I'm trying to solve this integral equation, but I can't deal with the sine!
$$\int_0^\infty f(y)\sin(xy)dy=e^{-x} , x>0$$
How do I proceed?
I tried using the fourier transform but then I can't deal with the fourier transform of the sine.
The definition of Fourier transform I'm using is:
$$f(\xi)=\frac{1}{\sqrt{2\pi}}\int_{-\infty}^\infty f(x)e^{-i\xi x}dx$$
EDIT: I think I know what my problem was, I was doing the fourier transform of the sine individualy instead of doing the fourier transform of $f(y)\times sin(xy)$. Doing this and substituing the sine for its exponential formula will give the answer right?
Best Answer
The solution is $$f(y)=\frac{2}{\pi}\frac{y}{1+y^2}$$ I will add the derivation soon.
Derivation:
Let $$g(y)= \begin{cases} f(y)&&y\ge0 \\ 0&&y<0 \end{cases} $$ Then, with Euler's formula, we can rephrase the problem as $$\int^\infty_{-\infty}g(y)\left(\frac{e^{ixy}-e^{-ixy}}{2i}\right)dy=e^{-x}$$
Equivalently, $$\mathcal F\{g(y)\}(-x)-\mathcal F\{g(y)\}(x)=i\sqrt{\frac2\pi}e^{-x}$$ $$G(-x)=G(x)+i\sqrt{\frac2\pi}e^{-x}\qquad{x>0}$$
This functional equation does not tell much, as the solution is not unique. The best we can do is defining $$G(x)= \begin{cases} \varphi (x) && x>0 \\ \varphi(-x)+i\sqrt{\frac2\pi}e^{x} && x<0 \end{cases} $$ for some $\varphi (x):\mathbb R^+$ with sufficiently nice properties.

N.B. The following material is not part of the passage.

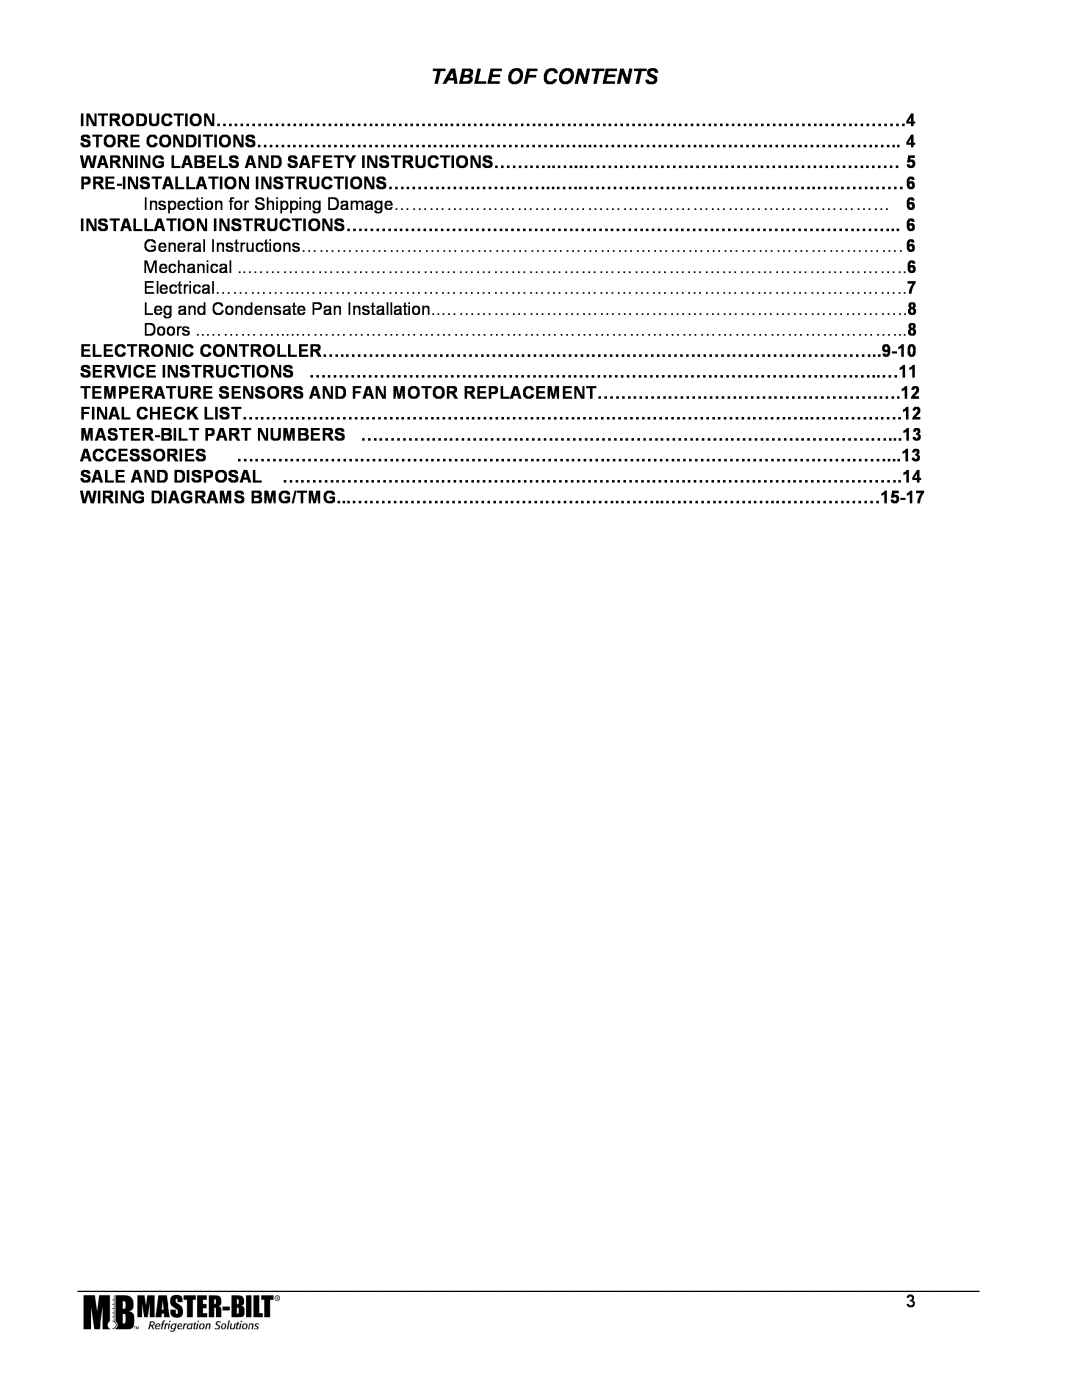 Master Bilt 74, BMG/TMG 27, 80, 48, 52 manual Table Of Contents 
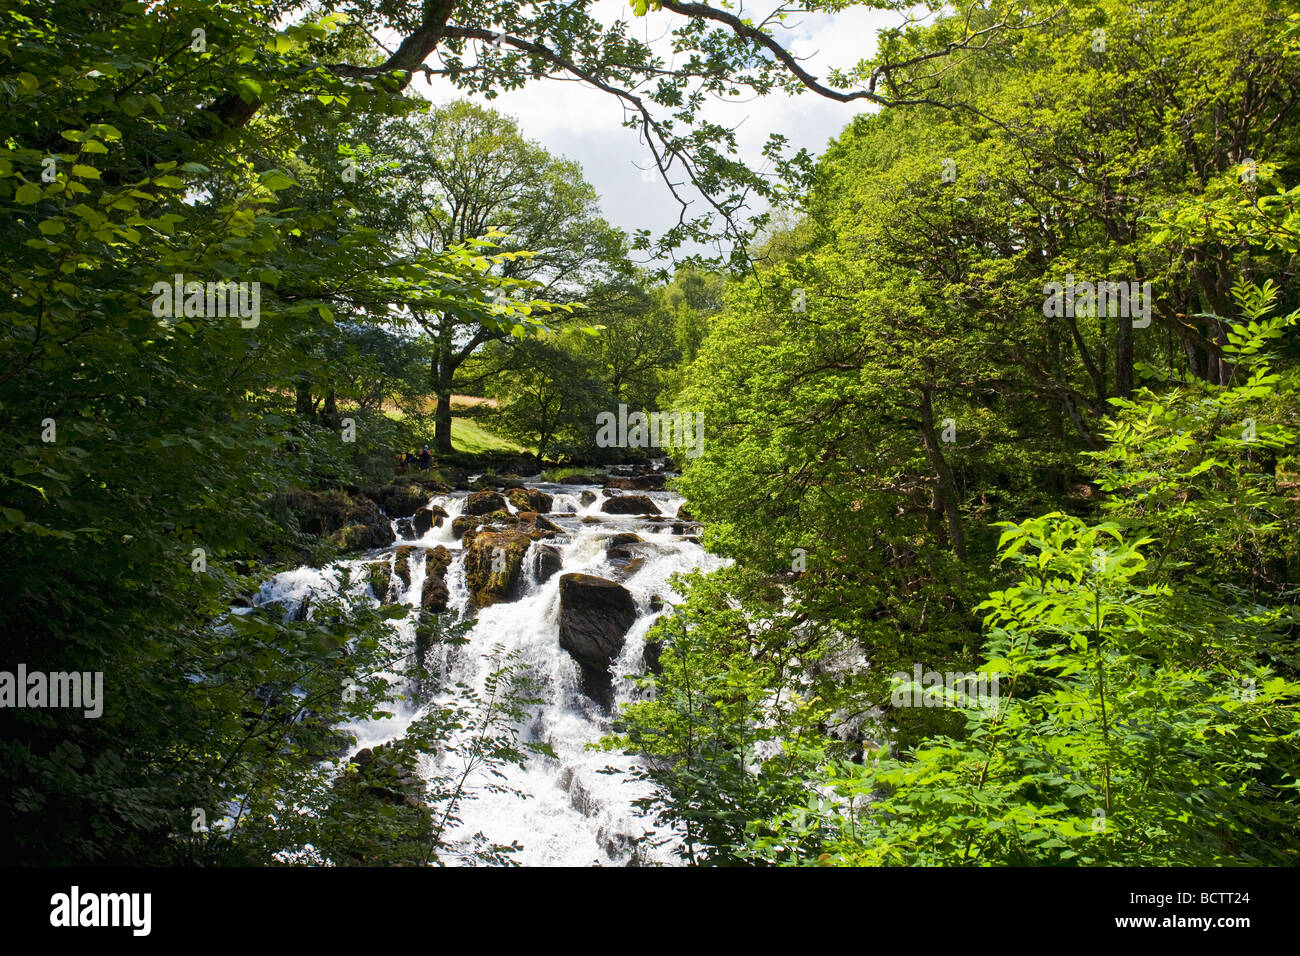 Swallow Falls Chutes Cascade River Llugwy en été soleil Juillet Betws-Y-Coed Cymru, Nord du Pays de Galles UK Royaume-Uni GB Banque D'Images

Then, $$ \begin{align} g(y)&=\frac{1}{\sqrt{2\pi}}\int^\infty_{-\infty}G(x)e^{ixy}dx \\ \sqrt{2\pi}g(y)&=\int^\infty_{0}G(x)e^{ixy}dx+\int^{\infty}_{0}G(-x)e^{-ixy}dx \\ &=\int^\infty_{0}\varphi(x)e^{ixy}dx+\int^{\infty}_{0}\left(\varphi(x)+i\sqrt{\frac2\pi}e^{-x}\right)e^{-ixy}dx \\ &=2\int^\infty_{0}\varphi(x)\cos(xy)dx+i\sqrt{\frac2\pi}\int^{\infty}_{0}e^{-x}e^{-ixy}dx \\ &=2\int^\infty_{0}\varphi(x)\cos(xy)dx+i\sqrt{\frac2\pi}\frac1{1+iy} \\ g(x)&=\sqrt{\frac2\pi}\int^\infty_{0}\varphi(x)\cos(xy)dx+\frac i\pi\frac1{1+iy} \\ \end{align} $$
Let $a>0$. By assumption, $g(-a)=0$. Therefore, $$\sqrt{\frac2\pi}\int^\infty_{0}\varphi(x)\cos(ay)dx+\frac i\pi\frac1{1-ia}=0$$
Then, $$\begin{align} g(a)&=\sqrt{\frac2\pi}\int^\infty_{0}\varphi(x)\cos(ay)dx+\frac i\pi\frac1{1+ia} \\ &=-\frac i\pi\frac1{1-ia}+\frac i\pi\frac1{1+ia} \\ &=\frac2\pi\frac{a}{1+a^2} \end{align} $$
Hence, $$f(y)=\frac{2}{\pi}\frac{y}{1+y^2}$$
Verification:
(The calculations below are a bit sloppy as I assumed that the integral and differentiation can be interchanged.)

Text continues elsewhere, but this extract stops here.